I am afraid I had to answer ‘yes’ to the latter. Much of what middle managers do each day is about helping their teams to get on with delivering services by negotiating a way forward for them through the maze of organisational systems, processes and rules that impede them and have been created without adequate regard for their impact on operations. Many of these impediments have been designed to eliminate risk – stop delegations being exceeded, avoid conflicts of interest, observe legislated requirements.
This is obviously important but it is not what taxpayers put their hands into their pockets and draw out their money to fund. Sure, they want the council to be lawful and sensible in how it operates. They also want it to be efficient and effective in providing them with value for their money. In many ways, it is often only the middle managers accountable for delivering services who are really focussing on efficiency and effectiveness.
I think that this is because middle managers have to deal with service failure. It doesn’t matter what caused it. Usually it is evidenced by customer service escalations or public/employee health and safety problems or industrial grievances or disputes, etc. Situations that are created in which expectations are not met, poor decisions are made (or decisions are not made), or significant risks are overlooked in order to eliminate obvious, but minor, risks. Middle managers do create their own share of these situations, but often it is in response to the system they work in. Sometimes, it is just too hard to do otherwise.

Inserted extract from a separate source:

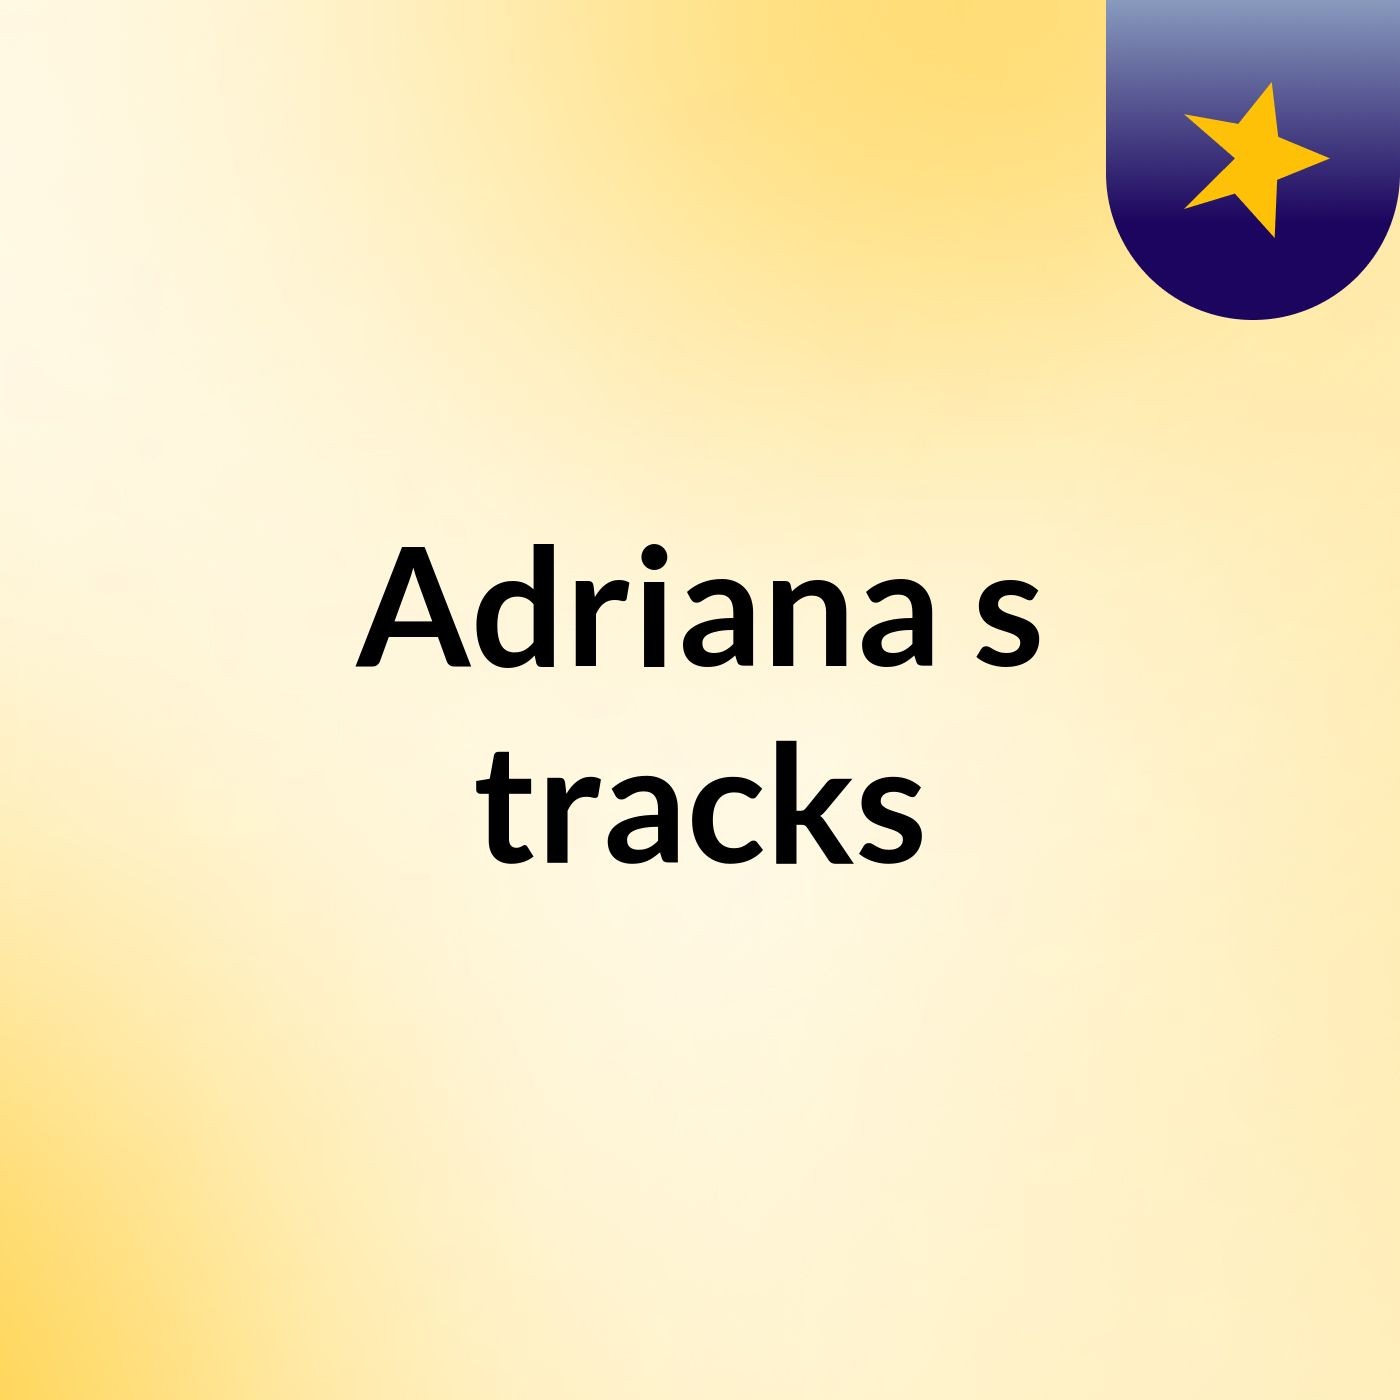 Adriana's tracks

When understanding the rules and steps in a process becomes complicated and onerous, it is natural for people who are focused on outputs to start finding shortcuts and making errors. If a system is designed that requires a highly trained, intelligent and experienced person to use it, and it is actually used by untrained and inexperienced people, it is likely to have a high failure rate. Try performance managing someone.
I have often heard middle managers criticised for listening but not acting, for being understanding but ineffectual, for being nice but never getting anything done, etc. Recently, I suggested to some colleagues that we might adopt as a motto some phrases from the cover of Scholte’s book – ‘Making Things Happen. Getting Things Done’ – and I was met with some of the self-deprecating humour that is common in local government. Several alternatives were proposed that suggested that our work might be having the opposite effect. Humour often exposes the reality. The unfortunate reality is that the life of a middle manager is part apologist for the organisation and its inability to develop effective ways of doing things; part expert at workarounds for the inexplicable impediments; and part conjuror of solutions that work in spite of the circumstances.

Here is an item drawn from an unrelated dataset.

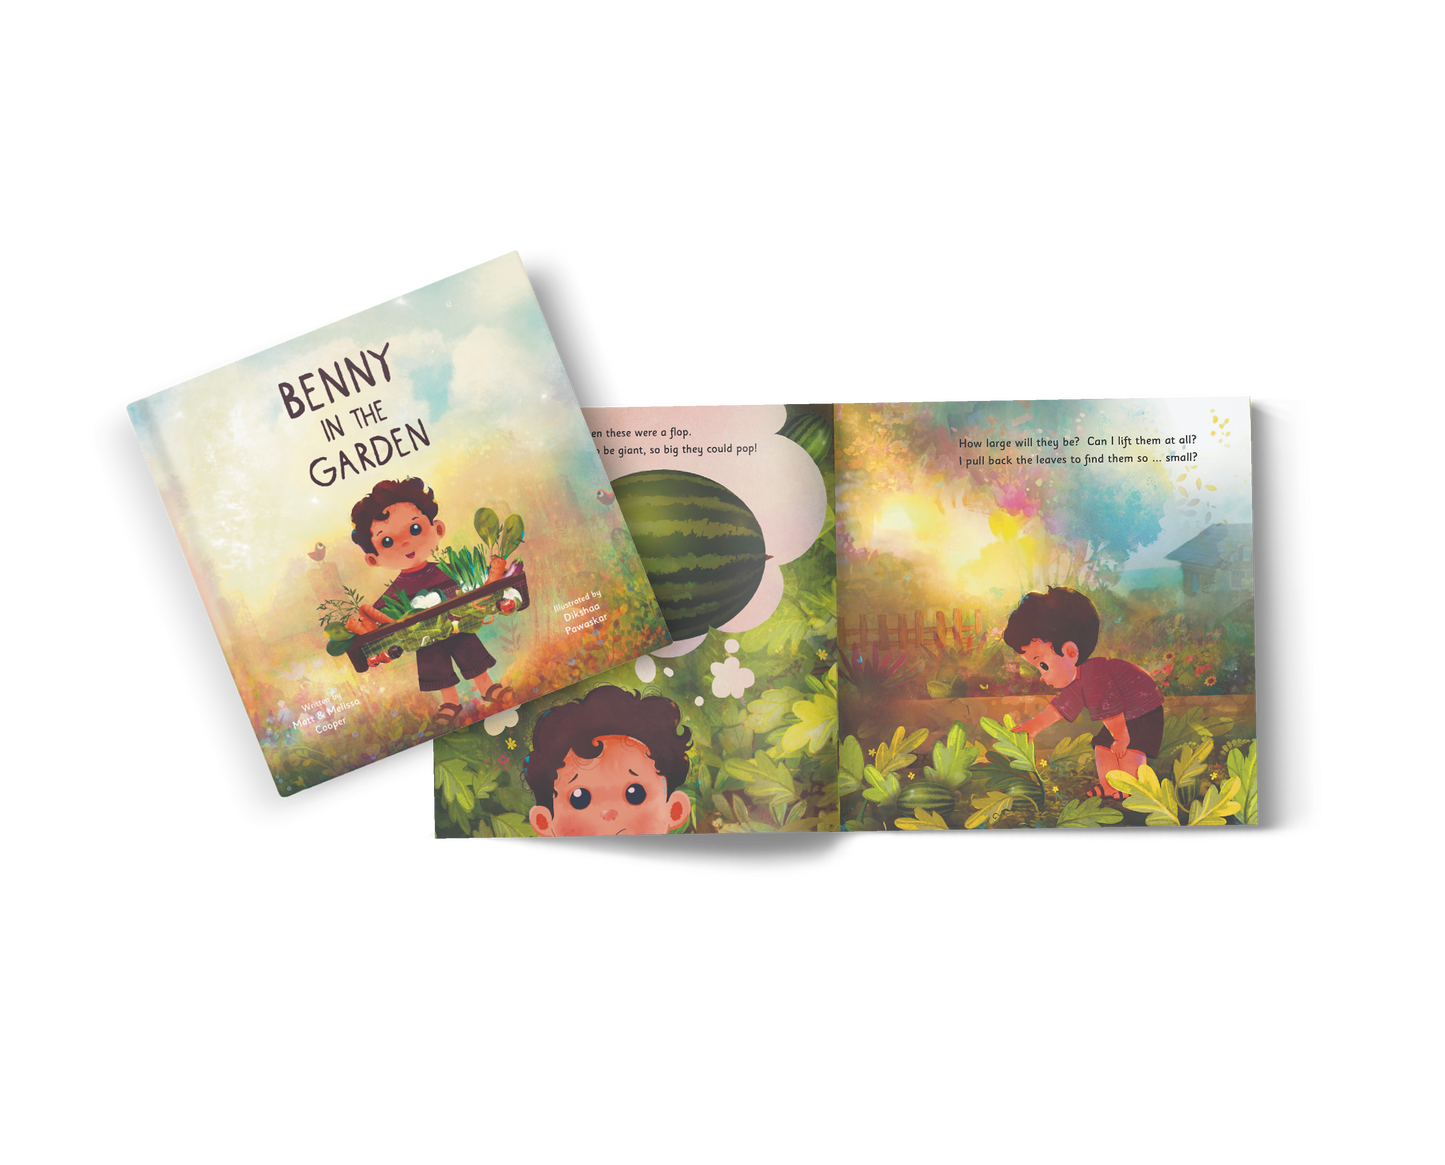 "Benny In The Garden" Hardcover & Coloring Book Bundle

So, how do we avoid scraping burnt toast? Stop burning it!
This is more easily said than done. After all, if you make lots of toast, occasionally some will burn. The trick is not to burn it so often. This is a systems thinking problem. The toast is burning because systems are not working. If we seek to understand purpose or expected value (from internal and external customers); redesign systems to deliver that value; and measure the performance of those systems and use that knowledge to change systems to improve outputs, there will be less toast to scrape. It isn’t difficult, it is just a different way of thinking.
Scholtes, Peter R. 1998. The Leaders Handbook – a guide to inspiring your people and managing the daily workflow.